Liverpool assistant manager Peter Krawietz reflects on the 4-0 victory over Barcelona a year ago.
It’s been a year since Liverpool staged the greatest comeback in the history of the Champions League knockout rounds when they beat Barcelona 4-0 at Anfield to overcome a 3-0 first leg deficit.
It was an achievement to pair with their own greatest comeback in the history of the Champions League, the overturning a 3-0 halftime deficit against AC Milan in the 2005 final in Istanbul.
And with no live football to watch with football on hold due to coronavirus, the anniversary of that victory over Barcelona has a lot of people reminiscing today—including Liverpool assistant manager Peter Krawietz.
“We wanted to make a change and I was talking to Joe Gomez, and suddenly the whole stadium exploded,” Krawietz said of the moment the Reds won the tie with a quickly taken corner cooly slotted home.
Manager Jürgen Klopp has previously talked, too, about not seeing the goal live, with Liverpool’s coaching staff busy preparing to make a substitution in the hopes of getting that fourth goal they needed.
“I thought, ‘Oops, what happened?’” Krawietz added of the moment. “Everybody is celebrating so the ball obviously hit the net!
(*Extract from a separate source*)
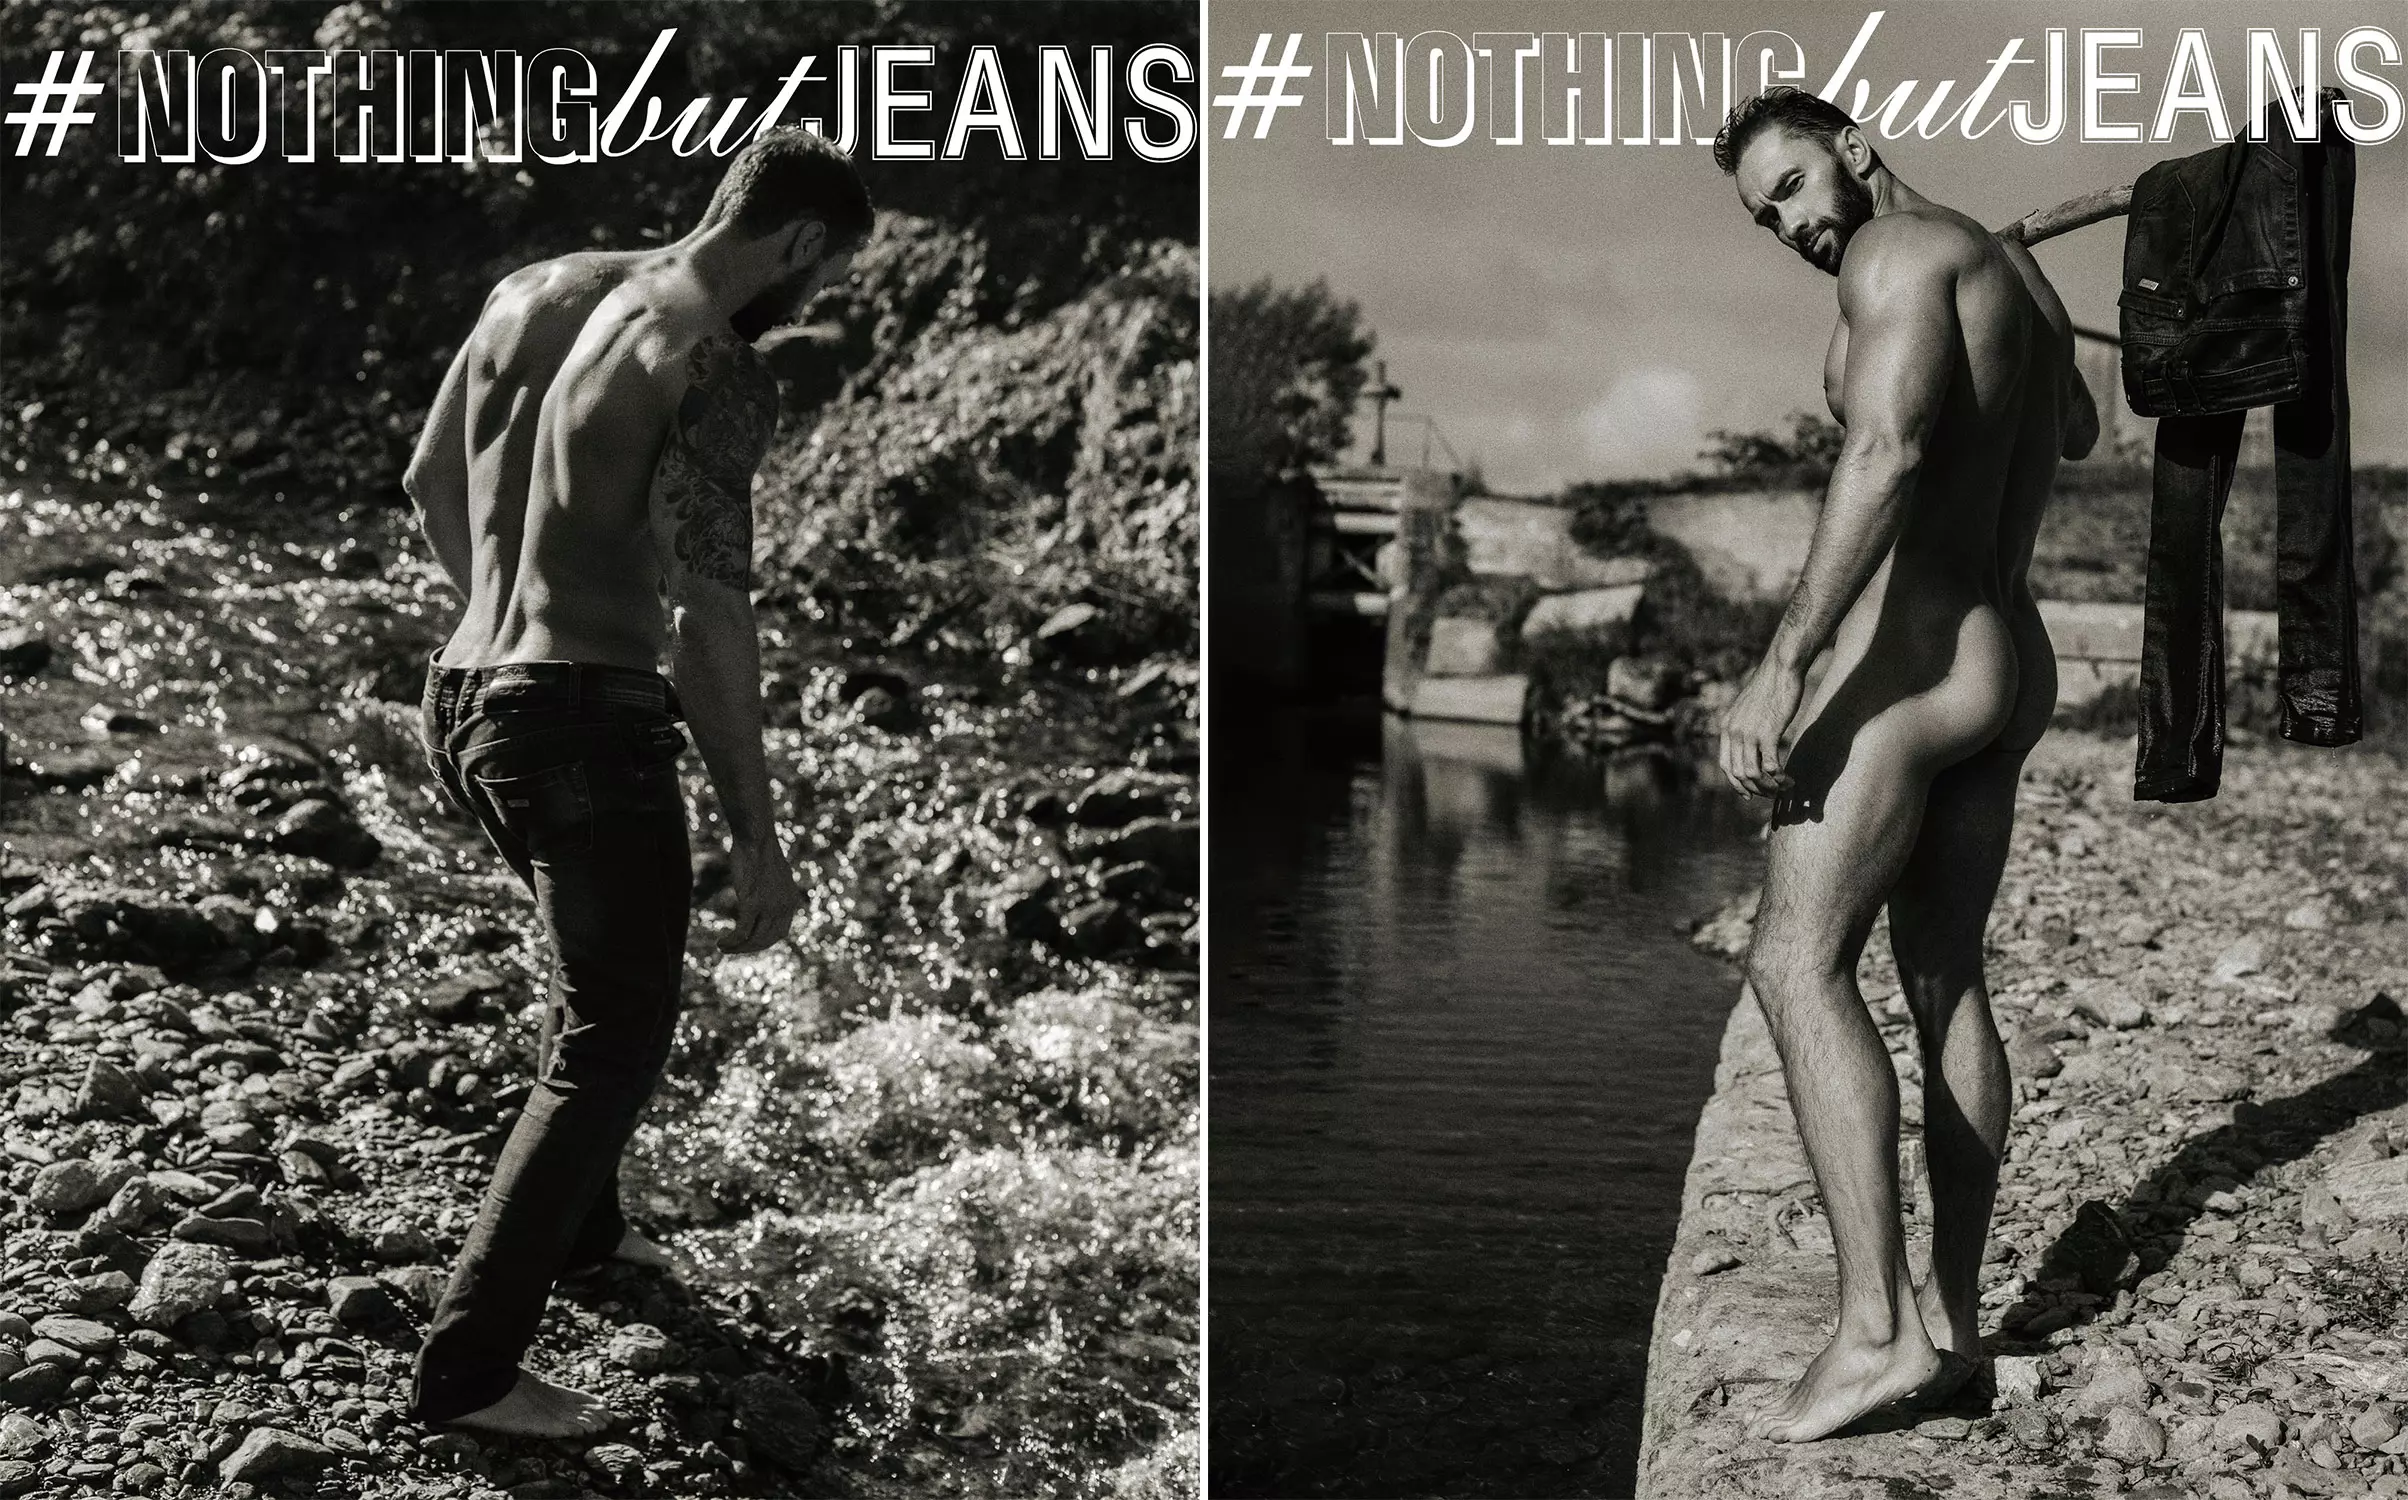 Ini Mikhail Fomin di #NothingButJeans oleh Serge Lee

It must have been a good one but, to be honest, I didn’t see it!”
While the moment seemed rather miraculous to all in who saw it—or didn’t—that day, it wasn’t a result out of nothing, with Liverpool having felt hard done by for the score in a first leg they thought they played well in.
“Everything started with the game in Barcelona,” he noted. “I am completely convinced that we played a really, really good game. We played well but didn’t score and they scored with situations nearly out of nothing.
“We, the coaching staff, had the feeling, ‘come on, we should have got more from this game’ and we saw that we had the right ideas. It’s not over until the final whistle so everything is still possible.
“So while I don’t want to say preparing for the second game was easy, we knew we had a good plan, we knew that for Barcelona it would be more difficult than they can think about or at the moment imagine.”